We strictly followed the KDIGO guidelines according to the identification of CKD stages 3–5. Two eGFR measurements at least 3 months apart, but no longer than 1 year, with no normal eGFR measurement in between, had to be present. The incident CKD stages were defined by the eGFR value at the time-point when CKD criteria were fulfiled. Patients on dialysis or kidney-transplanted patients were excluded since we assume that these patients, per definition, are routinely followed by a nephrologist.
We estimated the ratio of nephrologist referrals for two groups. First, patients with an eGFR <60 mL/min/1.73 m², and second, the ratio of patients with an eGFR <30 mL/min/1.73 m², according to KDIGO guidelines should be referred to a nephrologist.
Referral to a nephrologist was defined by a kidney-related primary or secondary ICD-10 diagnosis code within 1 year of CKD incidence. The diagnoses were hand-picked by the authors J.D.K. and J.G.H. (Table 1). Identifying patients directly as ‘being listed as outpatient in nephrology clinics’ was not possible since the codes in the register are referring to medical outpatient contact and cannot be subdivided into the different specialties.
Table 1.
Overview of the ICD-10 codes and respective diagnoses used to identify patients as nephrology outpatients
| ICD-10 code | Description |
|---|---|
| DE102 |
Type 1 DM with kidney complications |
| DE107 | Type 1 diabetes with multiple complications |
| DE112 | Type 2 DM with kidney complications |
| DE117 | Type 2 diabetes with multiple complications |
| DI12 |
Hypertensive CKD |
| DI13 | Hypertensive heart and CKD |
| DM30.0 |
Polyarteritis nodosa and related conditions |
| DM31 |
Other necrotizing vasculopathies |
| DM32 | Systemic lupus erythematosus |
| DM34 | Systemic sclerosis (scleroderma) |
| DN00-N08.9 | Glomerular diseases |
| DN15 | Other renal tubulointerstitial diseases |
| DN16 | Renal tubulointerstitial disorders in diseases classified elsewhere |
| DN17-19.9 | Acute kidney failure and CKD |
| DN26 | Unspecified contracted kidney |
| DN27 | Small kidney of unknown cause |
| DN28 | Other disorders of kidney and ureter, not elsewhere classified |
| DQ61 | Cystic kidney disease |
Age, Charlson comorbidity score (CS) and socioeconomic data were based on the individual CKD stage defining point. Renal diagnoses were removed from CS. Hypertension (HT), diabetes mellitus (DM) and cardiovascular disease (CVD) were enriched with ATC codes for reimbursed prescriptions, as described in a previous study [17]. CVD was defined as ICD-10 codes for myocardial infarction, congestive heart failure, peripheral vascular disease or cerebrovascular disease. HT and DM diagnoses were enriched using redeemed drug prescriptions ±3 months from the time point of CKD incidence. For HT, the following ATC codes were used: C03 ‘diuretics’, C07 ‘beta-blocking agents’, C08 ‘calcium-channel blockers’ and C09 ‘agents on the renin–angiotensin system’. For DM, the ATC code A10 ‘drugs-used-in-diabetes’ was used.

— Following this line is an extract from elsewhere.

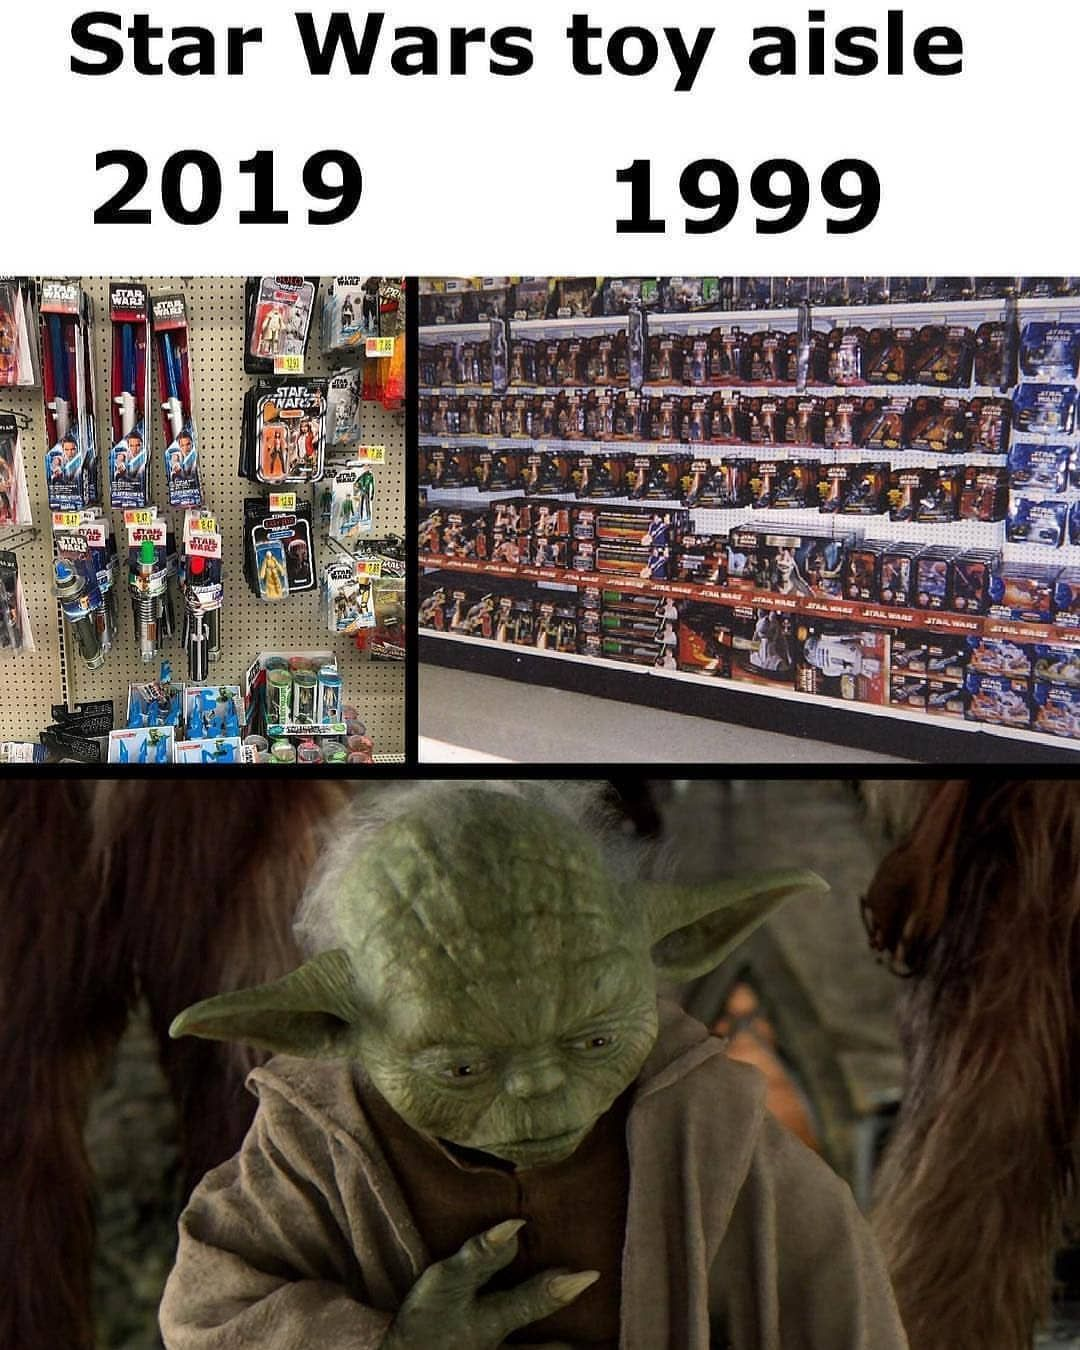 Pin On Mads Star Wars Board

We divided the age category as follows: category 1 = 18–59 years, category 2 = 60–79 years and category 3 = 80 years and over.

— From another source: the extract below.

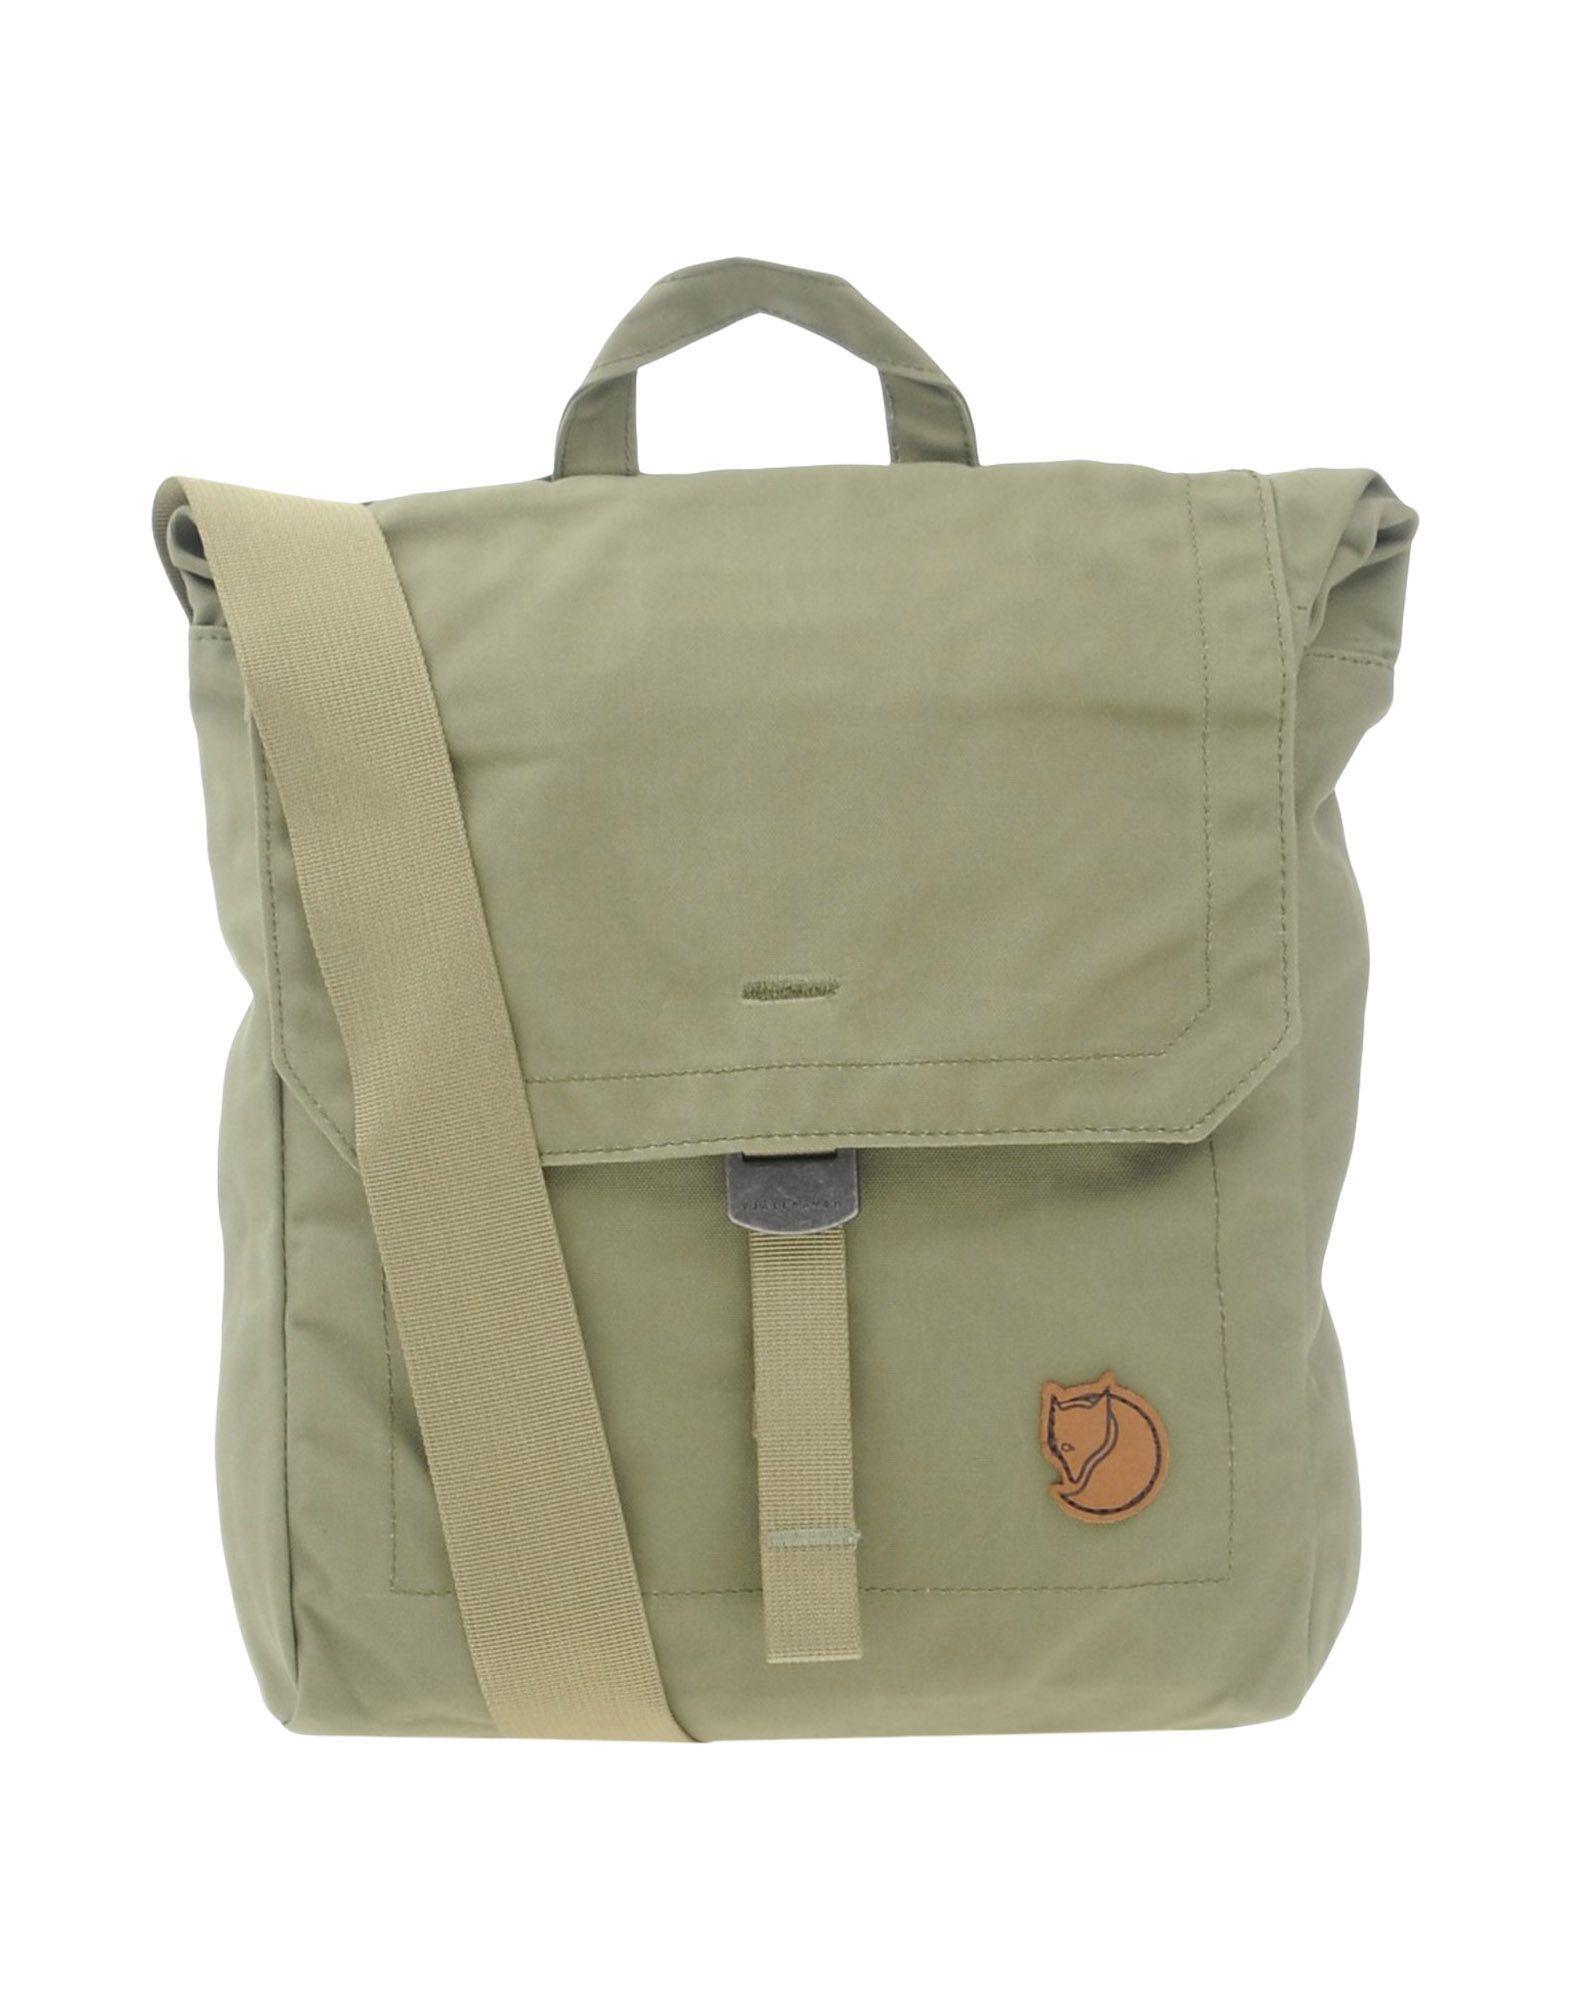 b445ed4451 FJALL RAVEN Across-body bag.  fjallraven  bags  shoulder bags  hand bags   polyester  cotton

In order to define the proximity to a nephrology outpatient department, we used community codes. Patients who lived in a community with a nephrology outpatient clinic at one stage from the CKD incidence date and up to 12 months after were defined as living in a community with a nephrology outpatient clinic. For example, patients living in the municipality of Haderslev are associated with the nephrology department in Sønderborg and would have to travel 71 km to reach the nephrology outpatient clinic.

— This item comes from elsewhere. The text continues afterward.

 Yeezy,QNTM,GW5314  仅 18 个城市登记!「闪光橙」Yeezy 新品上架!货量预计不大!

Stata version 16 was used for the statistical analysis [17]. The manuscript was written in accordance with the STROBE statement [18].
RESULTS
A total of n = 65 920 incident patients with CKD stages 3–5 not transplanted or on dialysis were identified. A total of n = 1975 (3.0%) were followed by a nephrologist according to the predefined outpatient ICD-10 codes 12 months after the CKD incidence date. Since Danish National guidelines and KDIGO guidelines recommend referral at GFR <30 mL/min/1.73 m2, we focused on patients with CKD stages 4–5 not transplanted or in dialysis. A total of N = 5535 patients were identified. Of those, N = 878 (16%) were followed by a nephrologist. Further subdivision resulted in a referral rate for CKD 4 patients of 11% and 35% for CKD 5 patients, not on dialysis and/or not transplanted.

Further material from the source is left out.